2. Show that you’re listening. Nonverbal cues such as nodding and making sounds such as “mhm” can let the other person know that you’re engaged and interested.

3. Avoid interrogating them. You may have an instinctive response to start asking questions about where they were, what they were doing, etc. Let the survivor tell the story at their own pace. You may not completely understand every part of their story at first, and that’s okay. Let them reveal details as they feel comfortable.

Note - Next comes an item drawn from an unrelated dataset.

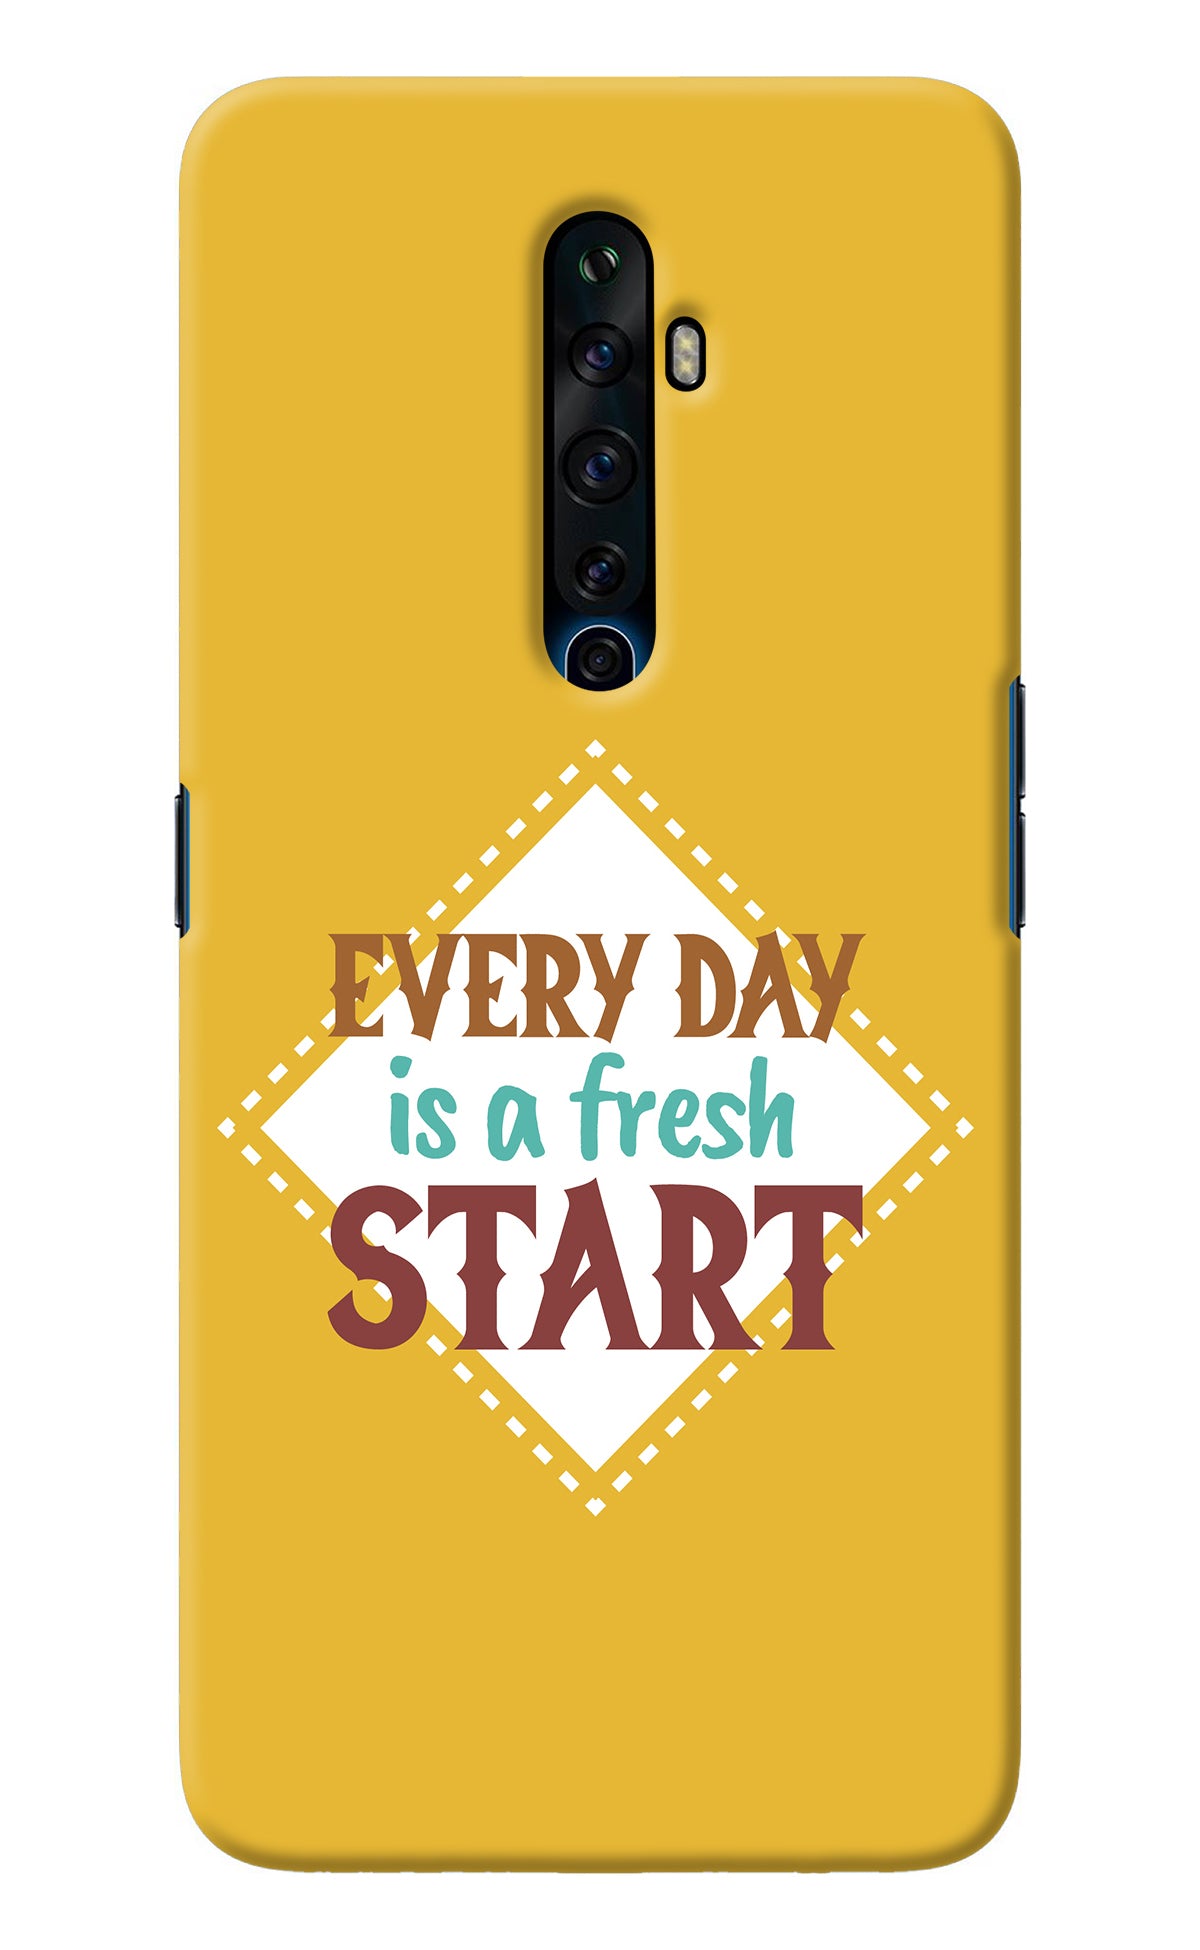 Every day is a Fresh Start Oppo Reno2 Z Back Cover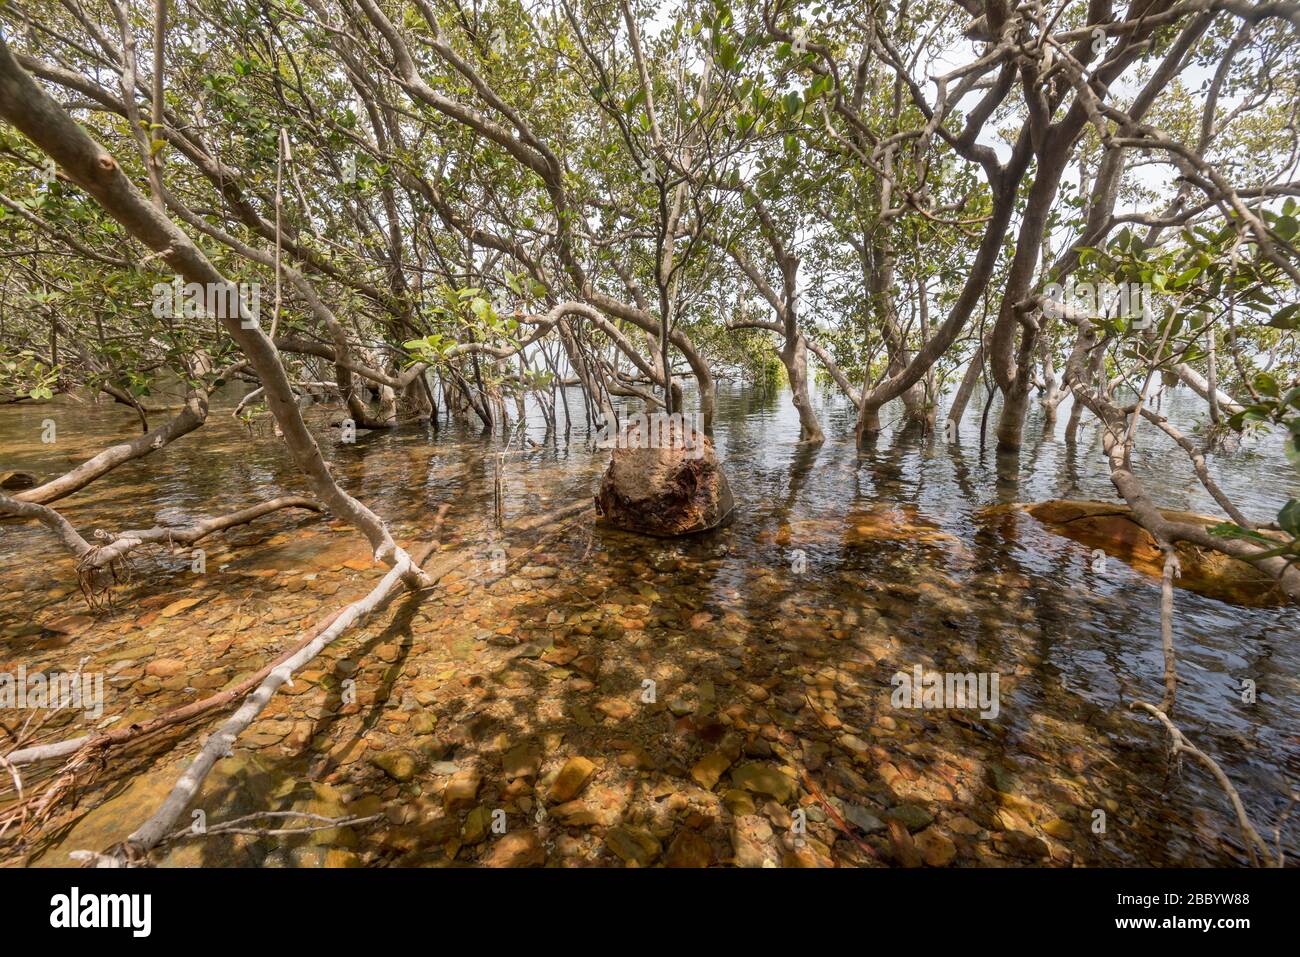 River Mangroves (Aegiceras corniculatum) submerged under an incoming tide on the banks of the Myall River near Tea Gardens, New South Wales, Australia Stock Photo

4. Withhold judgment about the survivor’s choices and behavior. Keep in mind that abuse and assault is always a choice that one person makes to harm another. Even if a survivor was engaging in behavior that you think was risky or dangerous, it does not help to question why they were engaging in those behaviors. Questioning why a survivor was doing something when they were abused or assaulted is victim blaming, because you are implying that they could have avoided it by behaving differently. The truth is, people are abused and assaulted in endless different places, wearing all sorts of different outfits, and doing all sorts of different things. The most supportive thing you can do is tell a survivor that it was not their fault they got hurt. 

5. Encourage them to reach out to other resources. Your support can be the bridge between a survivor and the community resources that they need. Familiarizing yourself with local organizations and what they have to offer can make a huge difference when a survivor discloses to you. Below are some local resources along with just some of the services they can provide.

Humboldt Domestic Violence Services:
Offers a 24/7 Support Line, Restraining Order Assistance, Court Accompaniment, Support Groups, Peer Counseling, referrals, and more. Support Line: 707-443-6042

Two Feathers Native American Family Services:
Offers case management, crisis intervention, emergency shelter, client transportation for essential meetings and appointments, and more. 

North Coast Rape Crisis Team:
Offers 24/7 Hotlines for Del Norte and Humboldt County, individual counseling, support groups for adult survivors of sexual assault, court accompaniments, and more. 

National Domestic Violence Hotline:
Offers a 24/7 hotline, as well as an online chat option available through the website listed above.